本文选题：传感器 + 壬基酚　；参考：《华中科技大学》2012年硕士论文

【摘要】：社会快速进步、工业生产迅猛发展的同时，也给人类的生活带来了越来越多的负面影响。近年来，化学污染问题日趋严重，各大环境问题也被频频曝光。壬基酚（NP）作为公认的环境内分泌干扰物（EEDs），其危害已经引起全世界的广泛关注。壬基酚一旦被排入环境当中，便会长时间存在，并通过生物蓄积作用以及食物链作用将其危害传递、放大。
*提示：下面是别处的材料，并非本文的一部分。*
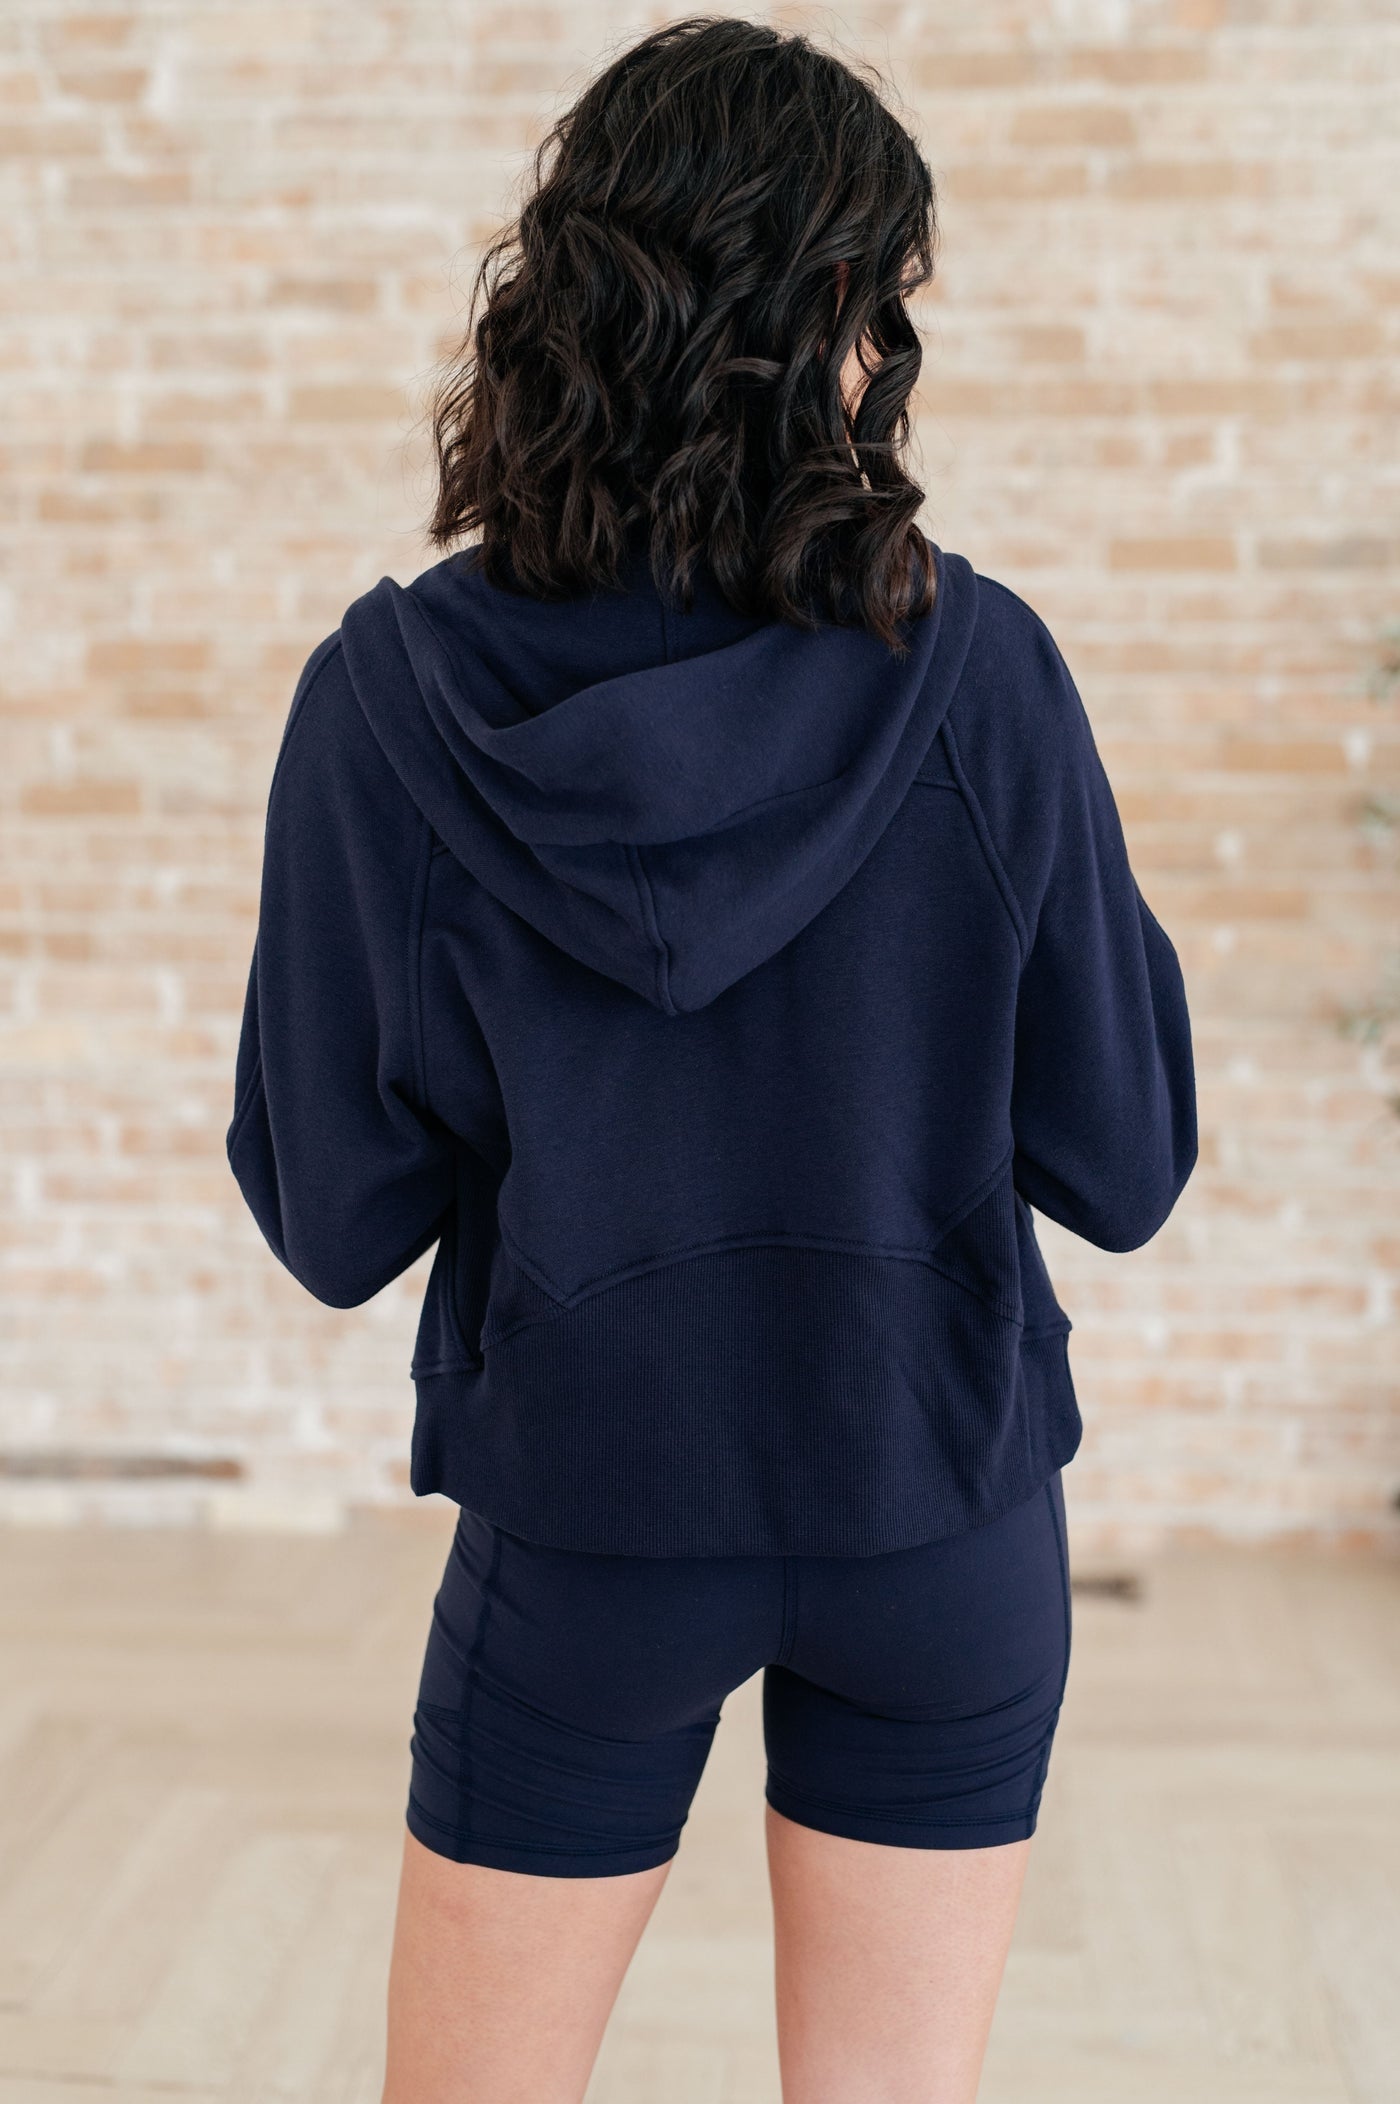 Sun or Shade Zip Up Jacket in Navy Southern Soul Collectives

因此建立壬基酚的分析方法对研究其生理作用及制定环境卫生标准都有着极其重要的意义。在众多的检测手段当中，电化学方法因其响应迅速、选择性好、灵敏度高、所需仪器价廉、操作简便、无需复杂的样品前处理过程等而倍受青睐。本论文致力于开发简单、灵敏的电化学传感器并将其应用于水环境和食品相关方面的壬基酚的检测。本论文主要包括以下两方面内容：第一部分：壬基酚在多壁碳纳米管-双十六烷基磷酸复合膜修饰电极上的电化学行为及其测定本部分利用多壁碳纳米管（MWNTs）与双十六烷基磷酸（DHP）混合形成复合膜，覆盖于玻碳电极（GCE）表面来制备直接检测NP的电化学传感器。经过酸处理的MWNTs表面带有负电荷，容易发生团聚，使其表面的活性位点被覆盖掉。DHP分子结构中带有一个亲水性基团和一对疏水性基团（C-H链），其表面亦带有负电荷。当DHP与MWNTs混合后，会对MWNTs起到分散作用，使MWNTs表面因团聚覆盖掉的活性位点暴露出来，增强NP在修饰电极表面的电化学响应。通过条件优化，该传感器对NP响应的线性范围在2.0×10~(-6)mol/L～2.6×10~(-5)mol/L，检测限达6.0×10~(-7)mol/L，应用于环境水质样品中NP的测定，其结果与高效液相色谱法（HPLC）所得结果一致。第二部分：基于十六烷基三甲基溴化铵修饰碳糊电极的壬基酚电化学传感器本部分利用阳离子表面活性剂十六烷基三甲基溴化铵（CTAB）在碳糊电极表面吸附形成CTAB单分子层来制备电化学传感器，增强壬基酚的电化学响应。将石墨粉与粘合剂石蜡油混合制备成碳糊（CP），石蜡油是疏水性粘合剂，，一般对溶液中亲水性物质富集效果较差。通过CTAB长链与碳糊中石蜡油的疏水作用，CTAB在电极表面形成稳定的单分子层。CTAB的疏水特性不但可以改变电极/溶液界面的电化学性能，而且可以增强NP在电极表面的吸附性。实验采用了搅拌的方法进一步增加电极对壬基酚的富集速率，大大缩短了检测时间。在最佳的实验条件下，该电化学传感器对壬基酚有良好的响应，其线性范围在1.0×10-7mol/L～2.5×10~(-5)mol/L，检测限达1.0×10~(-8)mol/L。除了具有令人满意的重现性和稳定性之外，该方法成功的应用于聚氯乙烯（PVC）样品的分析，结果与HPLC法相吻合。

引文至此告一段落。